Session AE: Flow Control I

Unsteady Aerodynamics Effected by Controlled Trapped Vorticity Concentrations

The transitory response of the flow-about a free-moving airfoil to time-dependent fluidic actuation that yields aerodynamic forces and moments in the absence of conventional control surfaces is investigated in wind tunnel experiments. Desired maneuvers are achieved using a 2-DOF feedback-controlled traverse that is programmed for trim and dynamic characteristics. Bi-directional changes in the pitching moment are effected by controllable, nominally-symmetric trapped vorticity concentrations on both the suction and pressure surfaces near the trailing edge. Actuation is independently applied on each surface by hybrid actuators that are each comprised of a miniature [O(0.01c)] obstruction integrated with synthetic jets which manipulate and regulate vorticity flux near the surface. Simultaneous measurements of the unsteady forces and moments and of the associated velocity field above and in the near wake of the airfoil are used to asses the coupling between the flow and vehicle dynamics with emphasis on control authority and optimal actuator placement and operating parameters. Flow control effectiveness is demonstrated by closed-loop response to a momentary force disturbance analogous to the response to a sudden gust in free flight.   

Low-Order Modeling of Airfoil Pitch Control Effected by Trapped Vorticity Concentrations

We describe construction of spanwise vorticity modes by proper orthogonal decomposition (POD) using data obtained by two- component PIV measurements in turbulent flow past a NACA 4415 airfoil undergoing time-periodic pitching motion due to synthetic-jet actuation near the trailing edge. Three- dimensional effects are characterized in terms of a ``mass deficit'' in the phase-averaged continuity equation. Such effects, in the actuated or unactuated flow, are significant in the near wake, are thought to arise from the three- dimensionality of the geometry of the actuators, and are accounted for in the model.
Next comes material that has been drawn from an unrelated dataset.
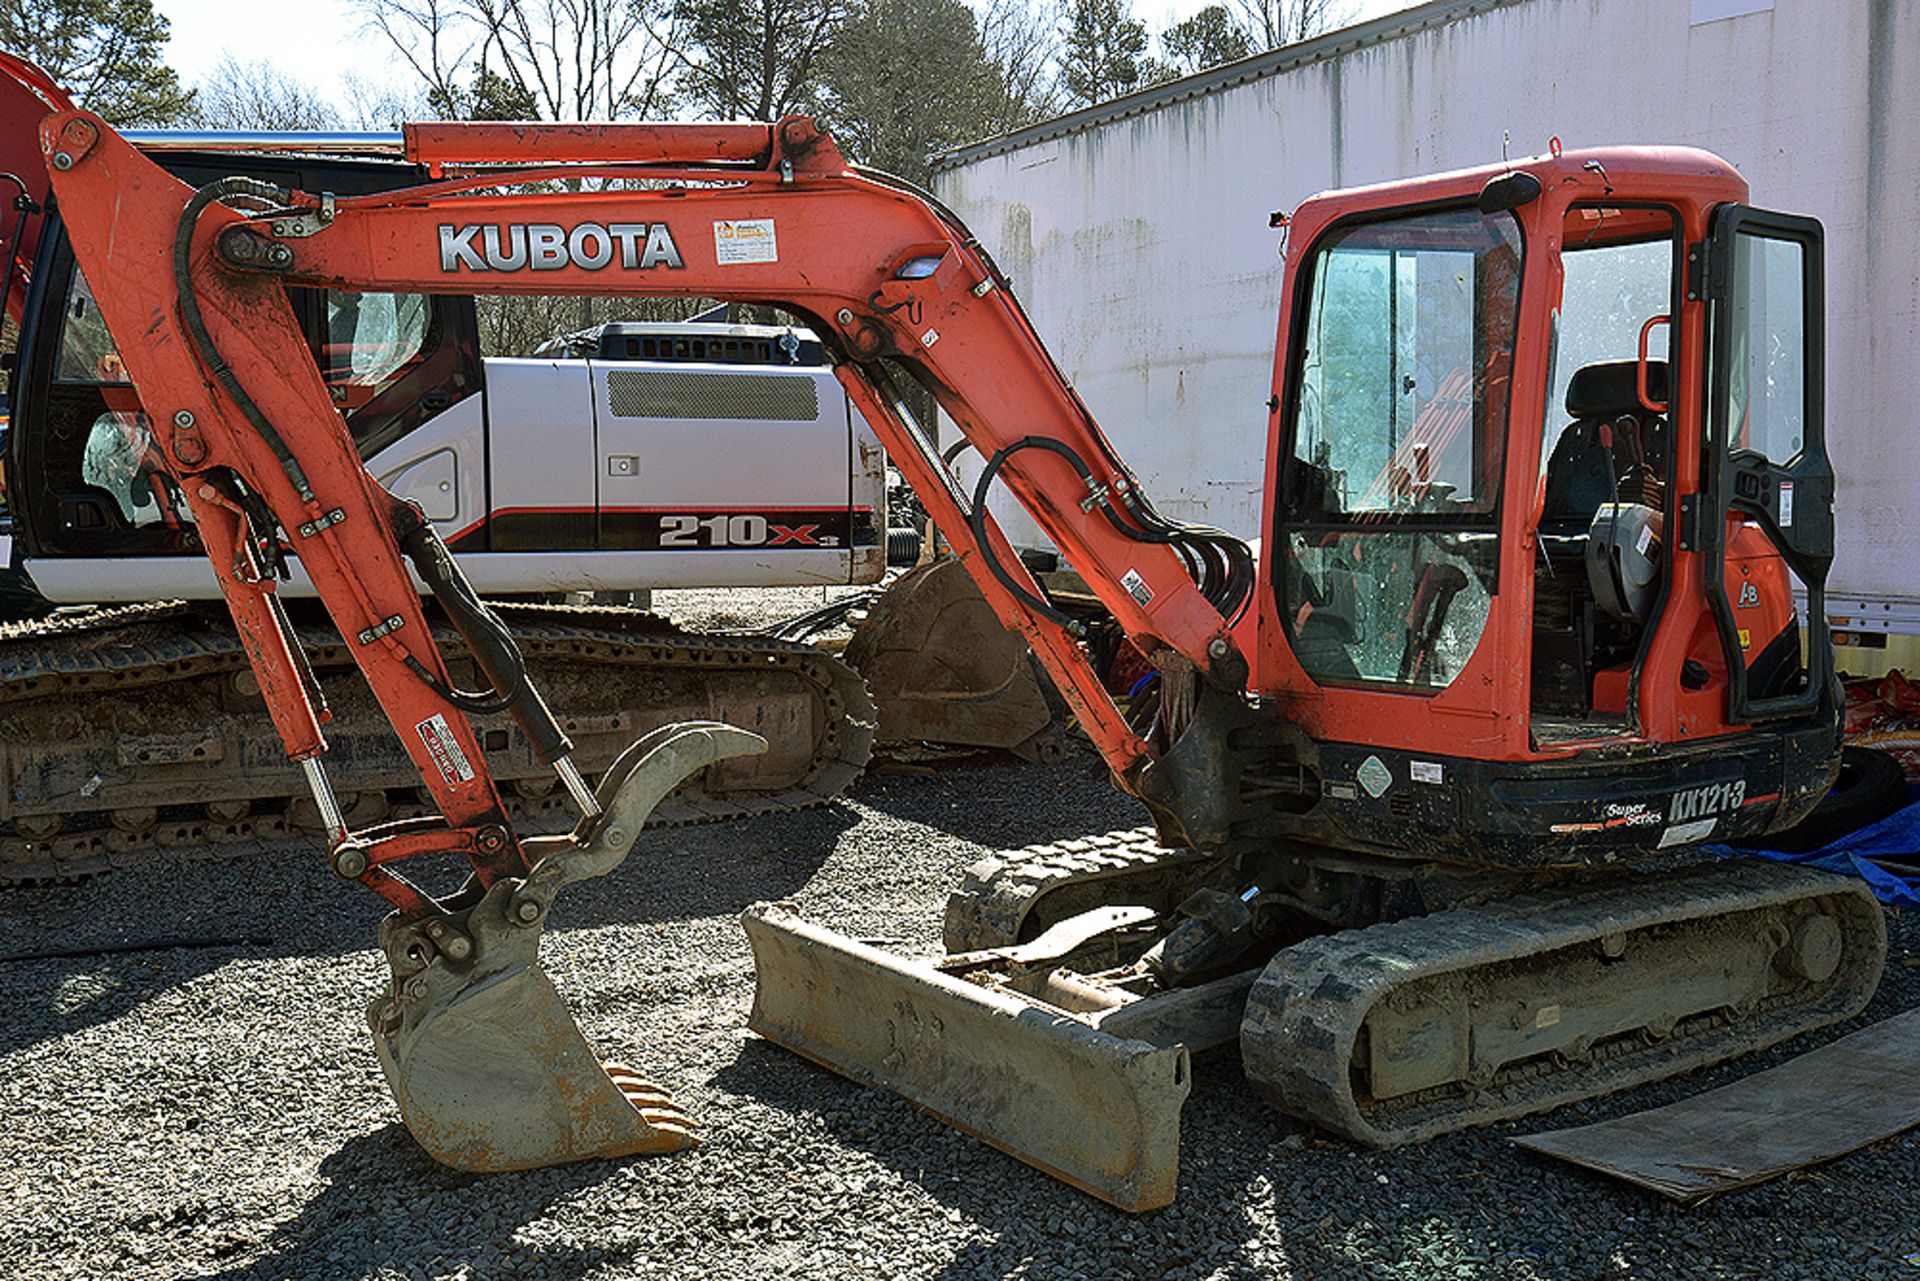 2013 Kubota Model Kx121-3St Mini Excavator, S/N 75733 (2013) 3,162.6 Hours Indicated w/EROPS

The incorporation of forcing by the jets into two- and three-dimensional models, and the use of vorticity POD modes, are discussed in the context of low-order modeling for feedback control. The vorticity transport equation is used to obtain an ordinary differential equation (ODE) system by Galerkin projection, whose solution behavior is discussed.   

Unsteady Flow Simulation of a Controlled Airfoil

An airfoil moving with two degrees of freedom (pitching and plunging) is simulated with a closed-loop flow control system. The simulation of the unsteady airfoil is computed using a Delayed Detached Eddy Simulation (DDES), a hybrid non-zonal RANS-LES turbulence model based on DES. The control system controls the airfoil in two modes, first through direct application of forces and torques, and second, through the use of tangential synthetic jet actuators. The approach was designed for an investigation of flow control via synthetic jet actuators on a pitching and plunging airfoil in A. Glezer's wind tunnel at Georgia Tech. The software definition of the controller used for the wind tunnel facility, which includes a robust servomechanism Linear Quadratic Regulator (LQR) and a neural network based adaptive controller, is coupled to a CFD model, which includes a model for the synthetic jet actuators. The coupled CFD/controller model is used to simulate maneuvers of the airfoil as performed in the wind tunnel, and the coupled model is validated against experiment results. Both the results of the validation, and the characteristics of the controlled flows will be discussed.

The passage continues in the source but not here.